Data block —
##############################
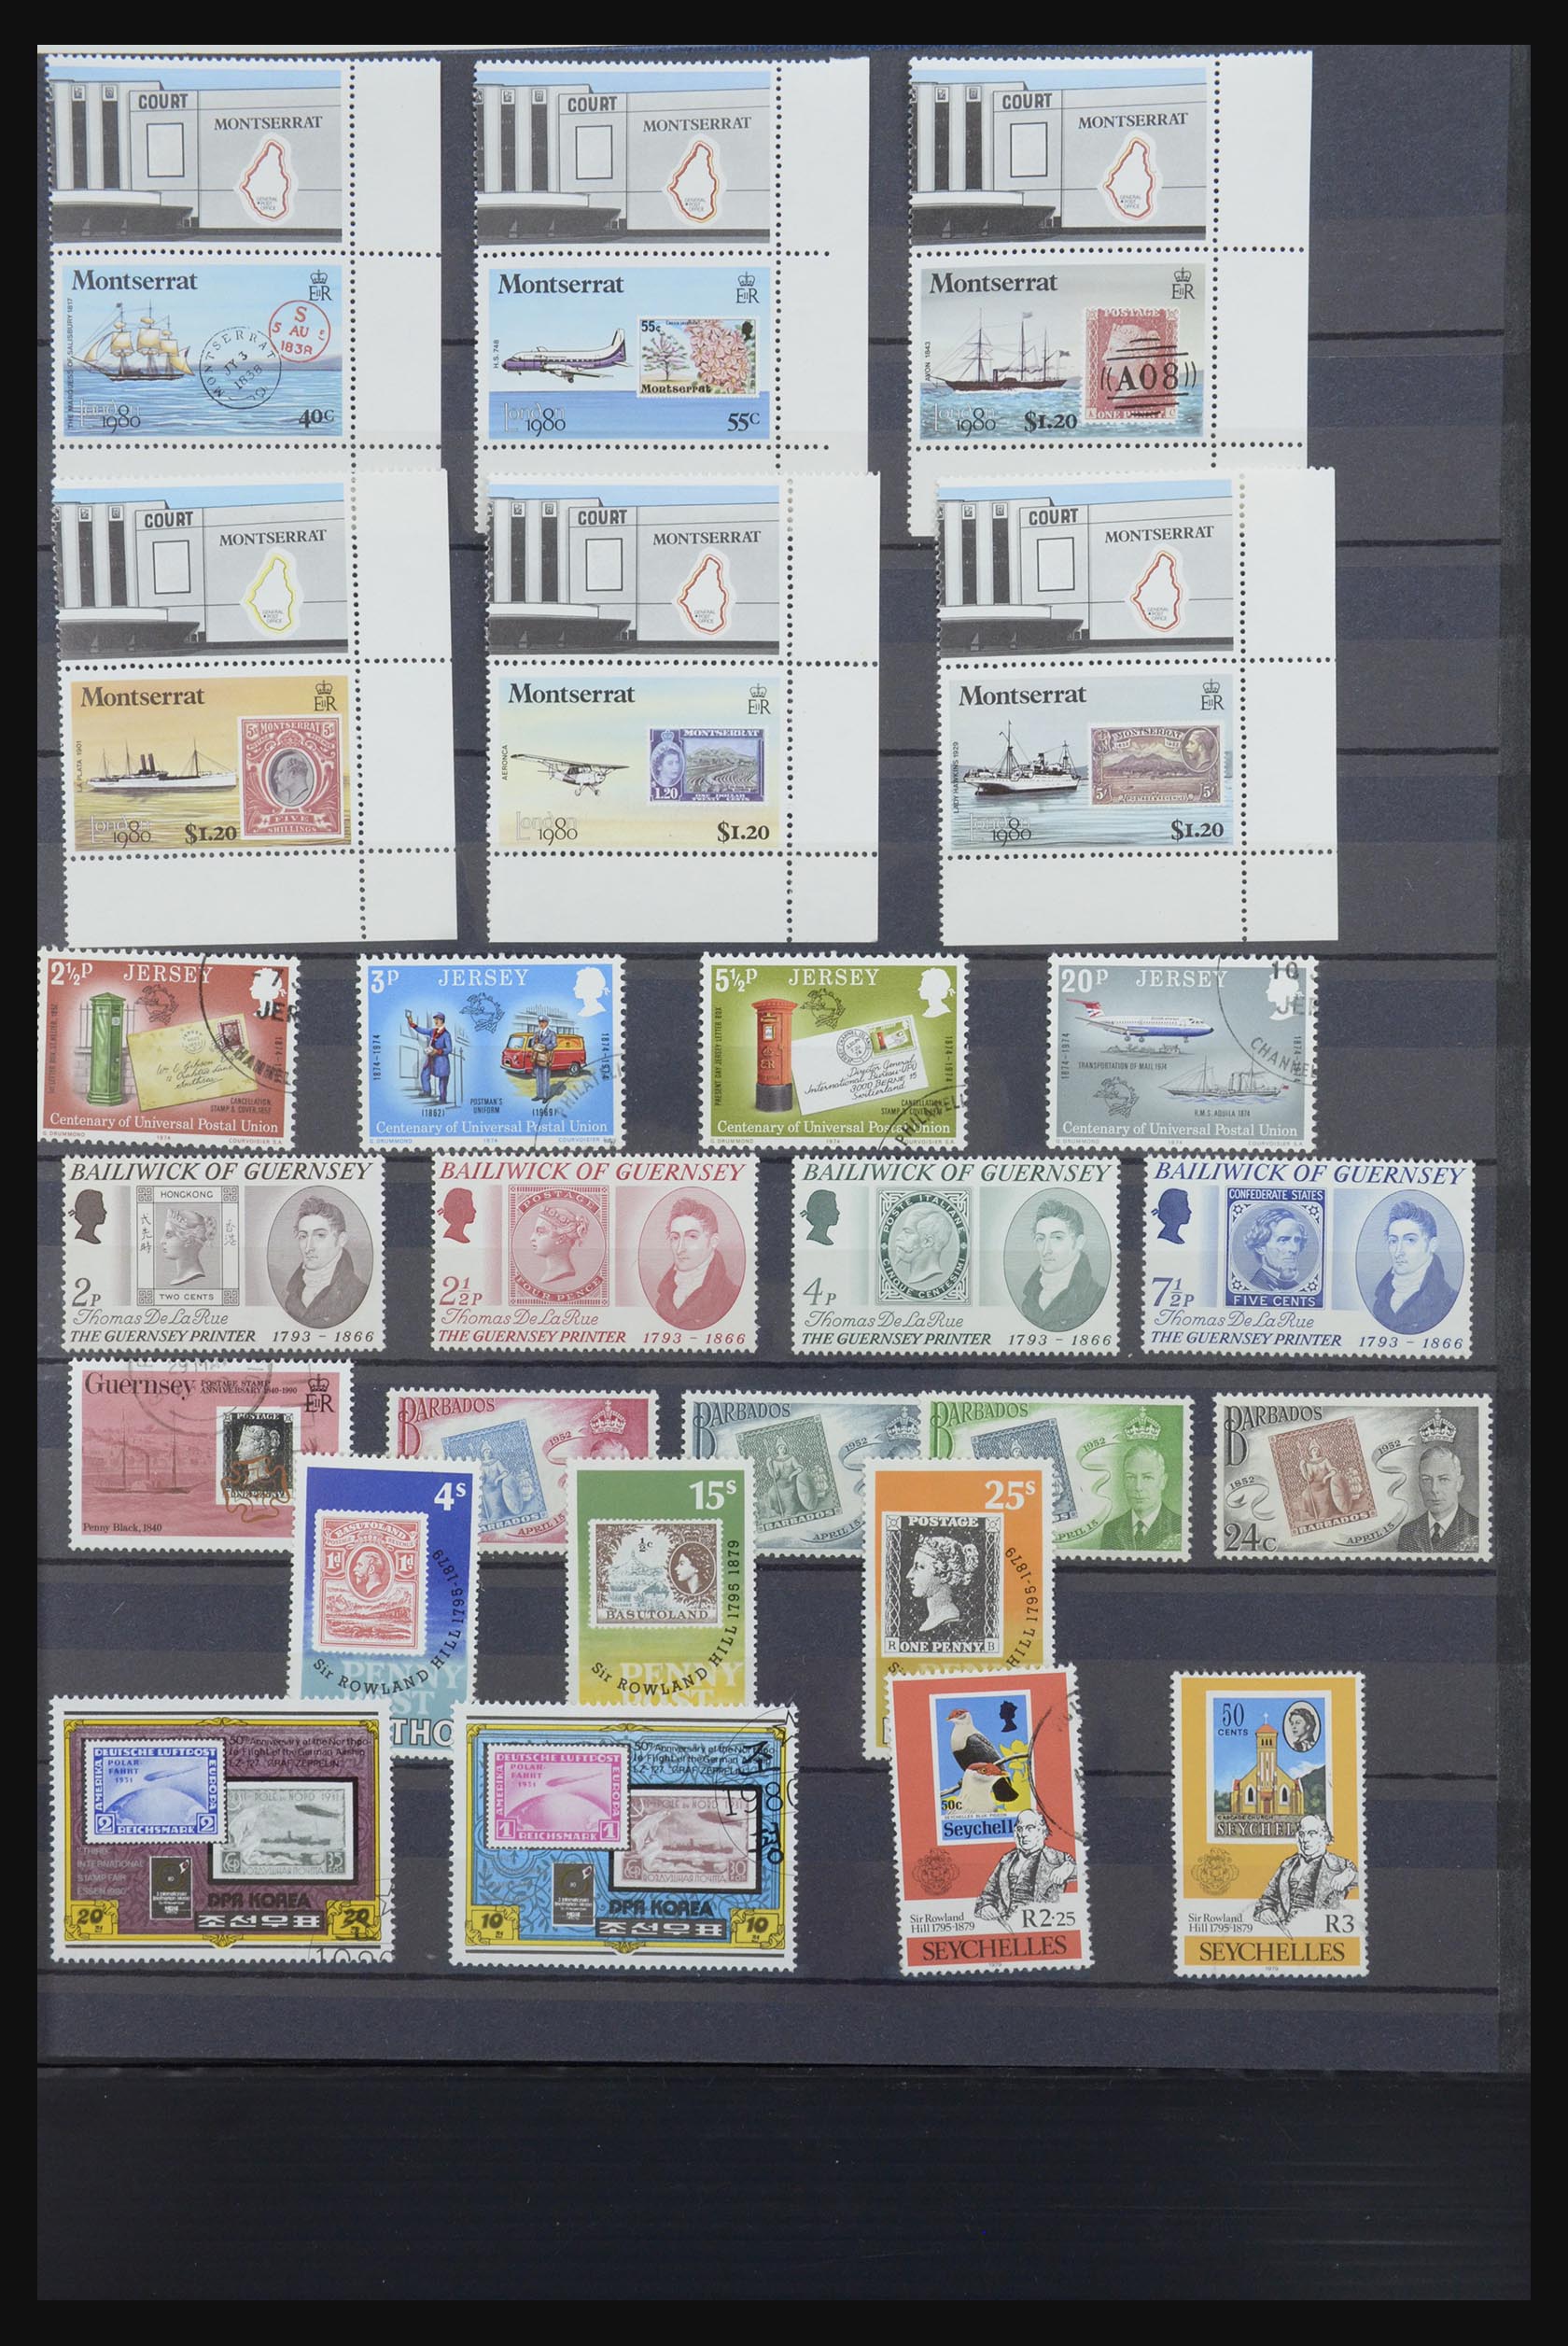 31652 075 - 31652 Motief: postzegel op postzegel 1940-1993.
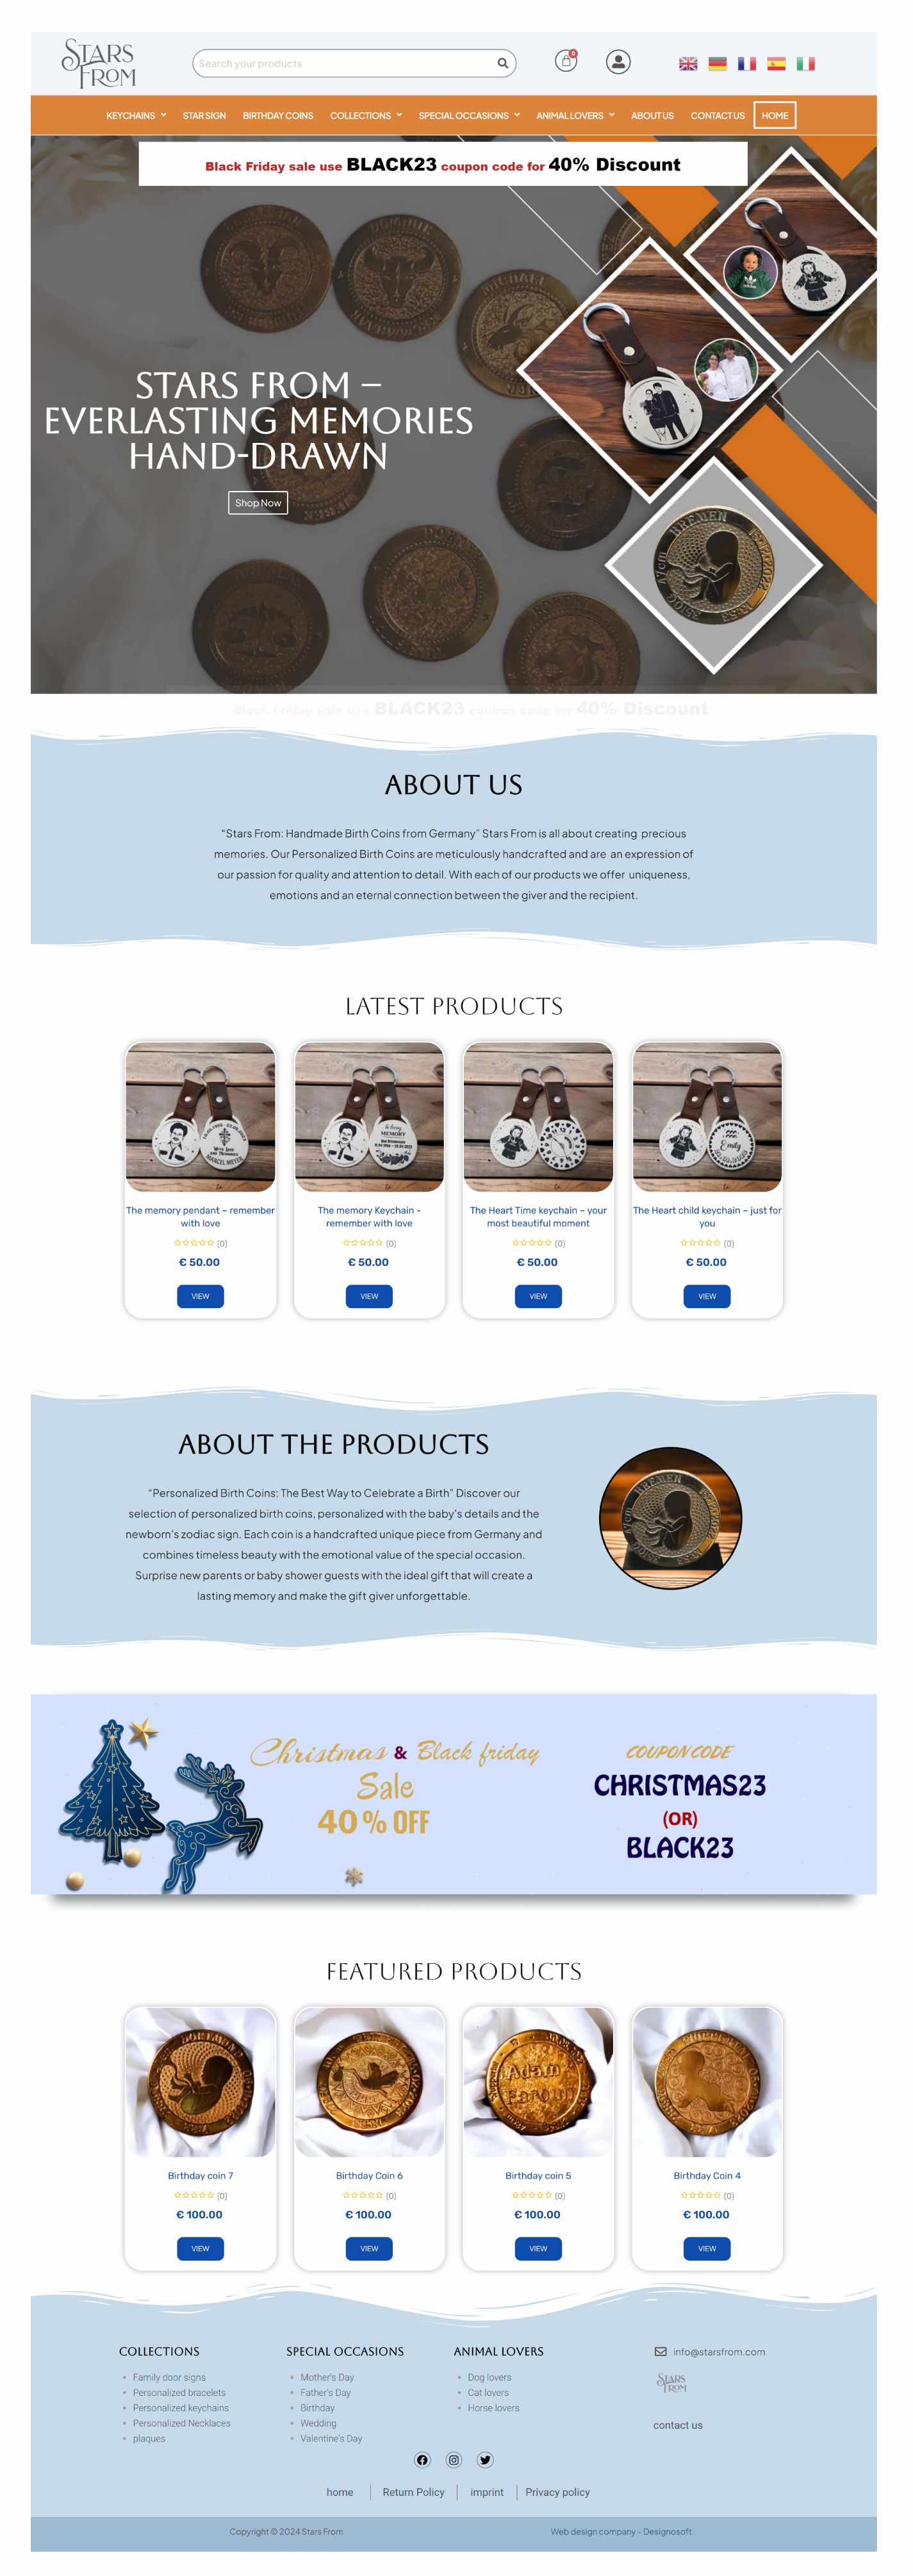 Shopping Cart website design in coimbatore
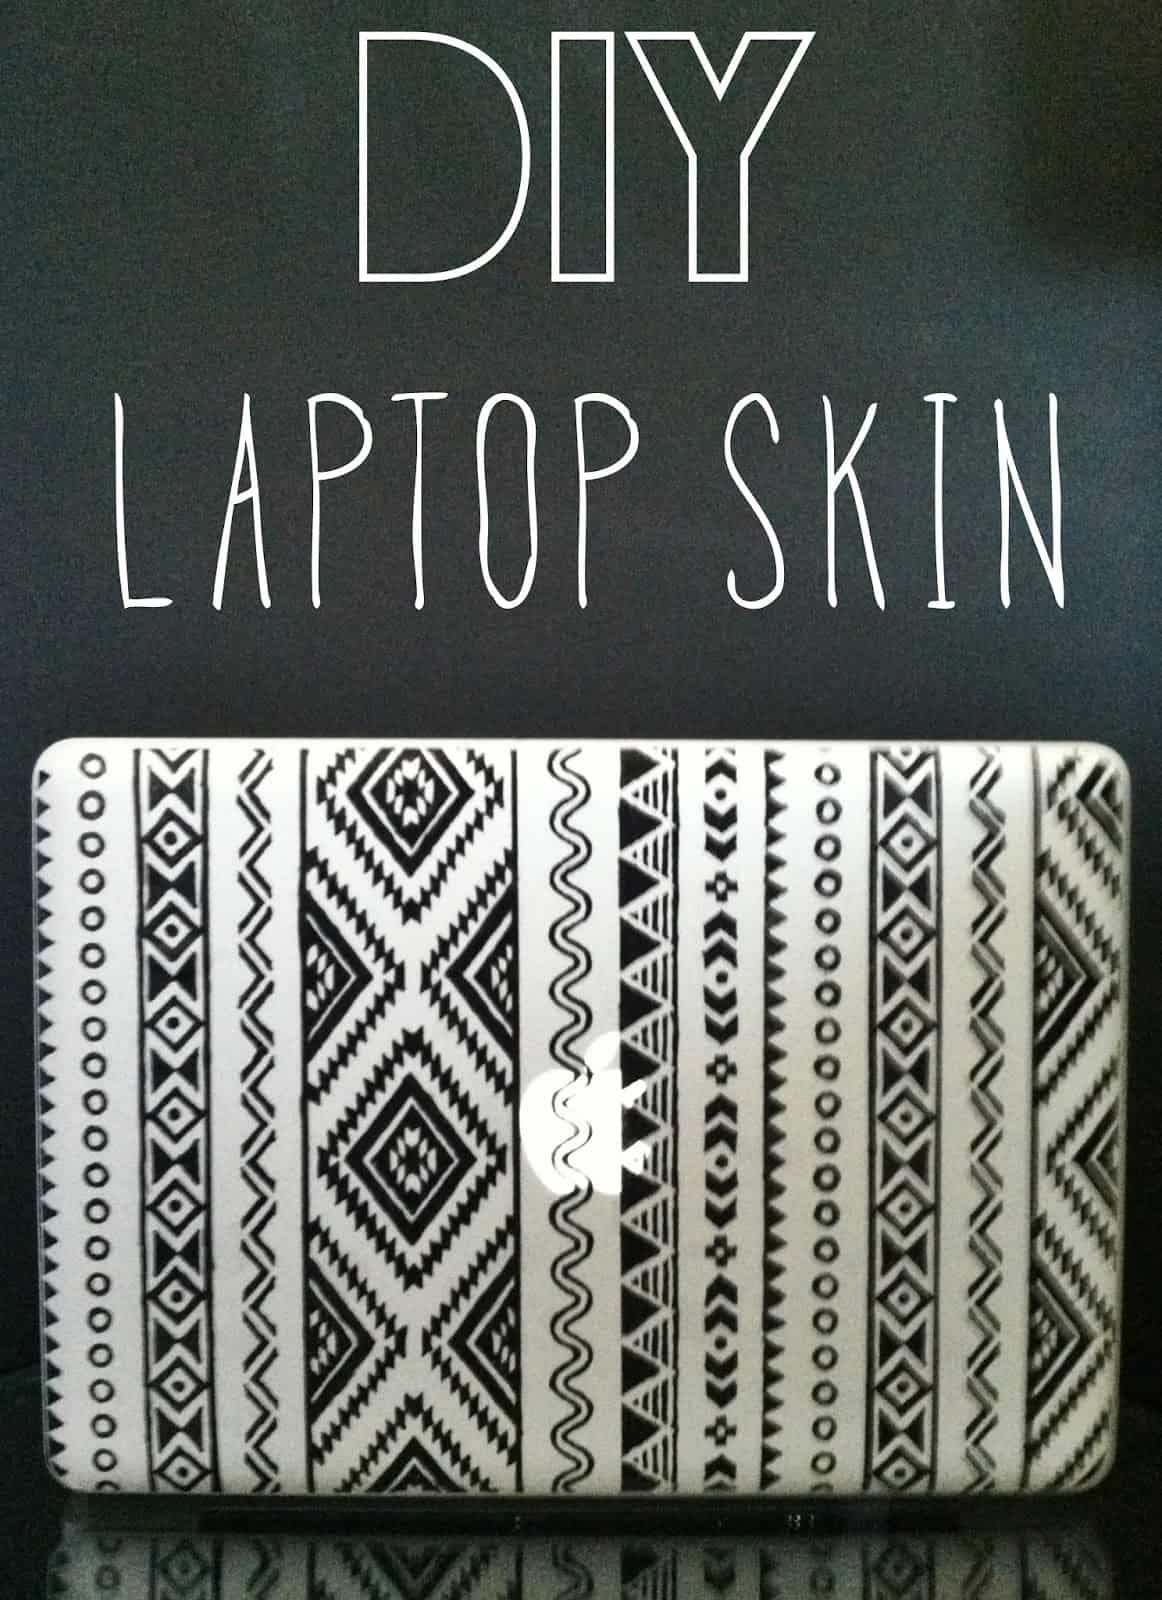 Printed wax paper and laminate laptop skin design
##############################
What the task asks — Line by line, write out the material exactly, leaving the images out.

Finished exercise —
 31652 075 - 31652 Motief: postzegel op postzegel 1940-1993.
 Shopping Cart website design in coimbatore
 Printed wax paper and laminate laptop skin design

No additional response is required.